Slowly people began to get up and socialize down in the entrey way while people were starting to leave. Pretty soon we were the only ones left in the building (I found it funny when his parents left and his mom mumbled something about coming over and watching tv or something, don't know why but it was funny and made me chuckle) Maybe he was just trying to be nice and keep me company for an hour and a half that I had to kill before I headed off to work. But we talked about so much stuff just standing there for that long. One of the things that came up was the new movie "Superman Returns". I know that he is a big fan of Superman and I've been trying to hint that I would like to see the movie as well through e-mails. Although threw the e-mails I started noticing that I was kinda blocking my chance of that by saying that I would rather see the first two Superman movies before seeing the new one, so that I would have some idea of what the story was. Well, to my suprise while we were getting ready to leave he invited me over to his house to watch the two movies this tuesday. I was all excited that he asked me over and it was on my mind pretty much the whole time I was at work.

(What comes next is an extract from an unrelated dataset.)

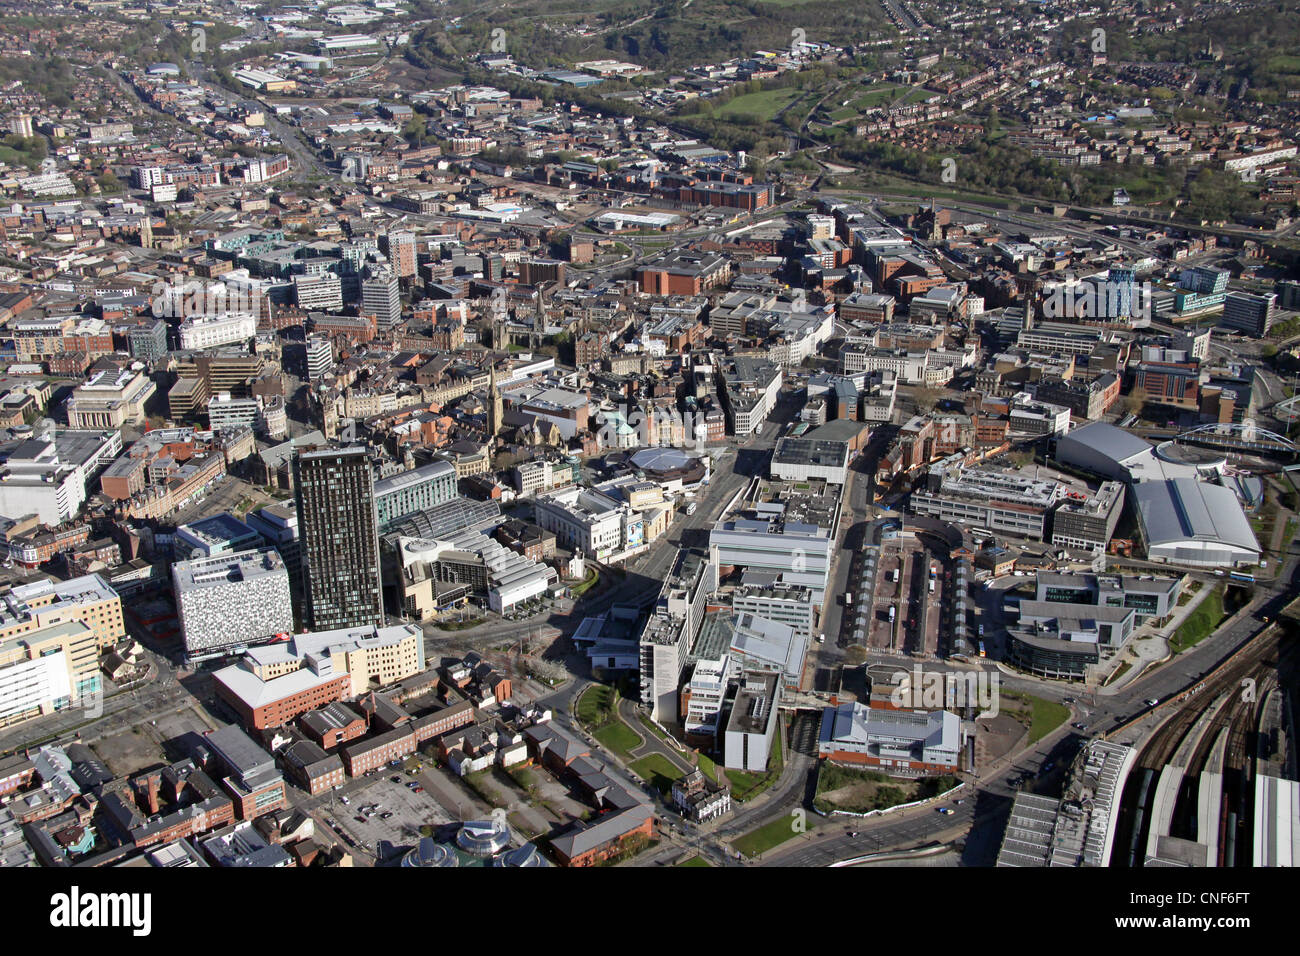 Vista aerea del centro di Sheffield, con gli edifici della Sheffield Hallam University prominenti e la stazione appena fuori in basso a destra Foto Stock

Now, after evening church service kinda had me mixed up. It started off good, I was sitting in the back since I came in late and I was talking to some of the girls who were sitting in front of me. My guy came from the front of the room all the way to the back and again stood right next to me while the church group socialized. Afterwards, the group went to eat at McD's. I probably should have found a better place to sit with more chances to give him to sit near me again ;-). But I didn't I only left one space, but he wass right be hind me in line so I figured he would get it. Nope someone got their food before he did and took his spot. So he sat next some of the other girls of the group. I've been told that this one girl in particular just likes to flirt, but that my guy doesn't have any likeing for her. But I just thought that he seemed to flirt back all night. So it just got me thinking, do I have a chance? Is he even remotely intrested? And what makes it worse is when he says he is going to go someplace or do something and then doesn't show up, I feel really foolish. I know it was just a trip to wal*mart, but if you say your going to go you should go. I guess I knew better when I left McD's and he stood around with those who were left.(mainly the girl who likes to flirt with him.)

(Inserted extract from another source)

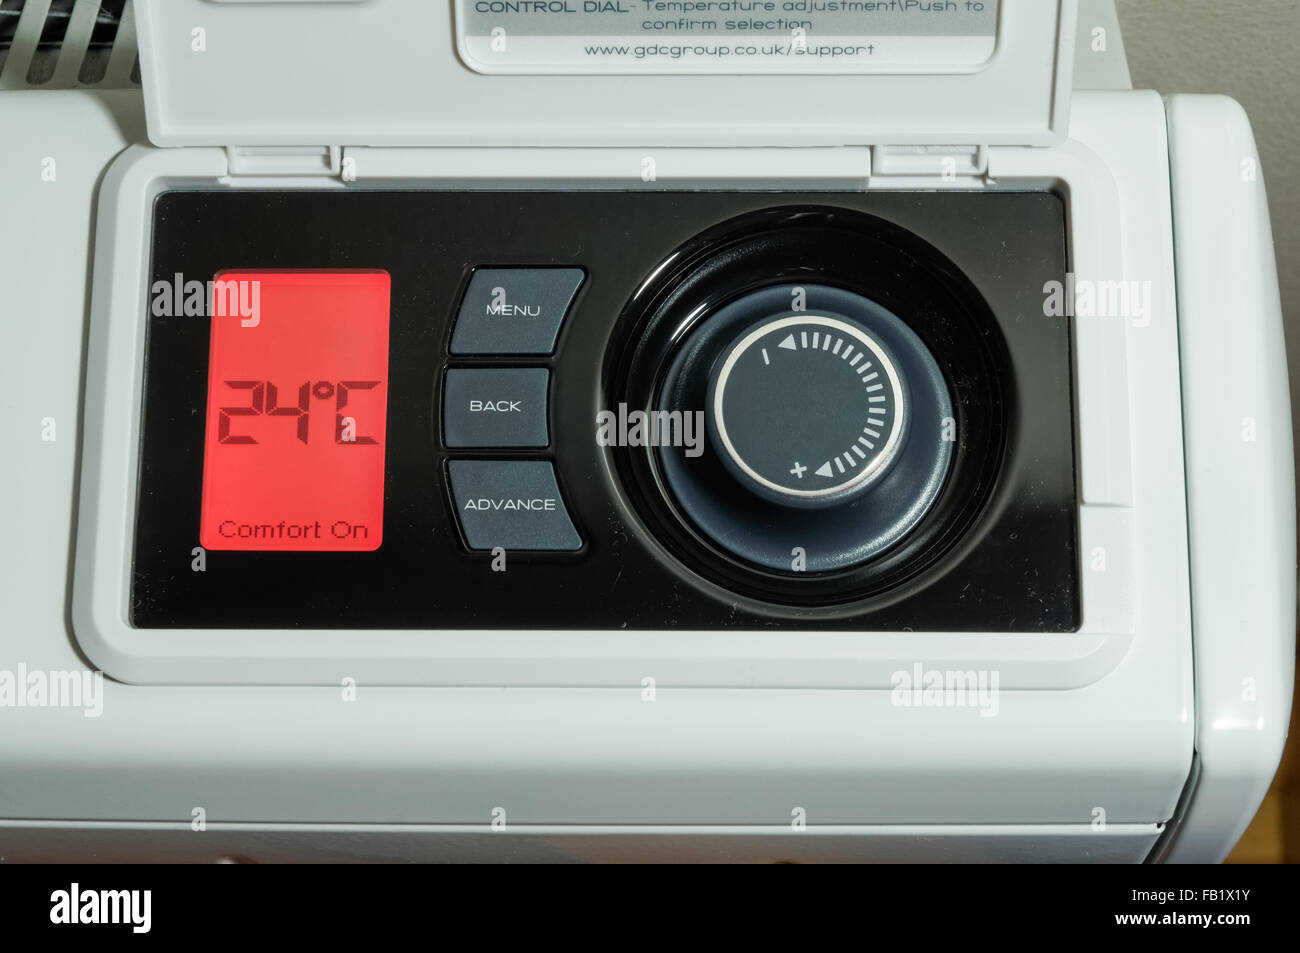 Chauffage central domestique, radiateur de stockage électrique, affichage LCD et panneau de commande de température réglé sur une température de 24 degrés celsius Banque D'Images

I guesss he just confuses me sometimes. I am really looking forward to going over and watching the movies with him. I'm not sure if this is just fun and hanging out stuff. Or a date of some sort, I don't know, I'm bad with relationships. So even though I'm going to be nervous driving over to his house I'm going to do my best to just have fun hanging out and not worrying about weither or not I'm getting myself into a new relationship. He's a cool guy and I like talking and hanging around him, so why make it more complicated than that. It's all very confusing in my head, but see talking about it made me feel better, thanks for listening, and feedback would be greatly appreciated.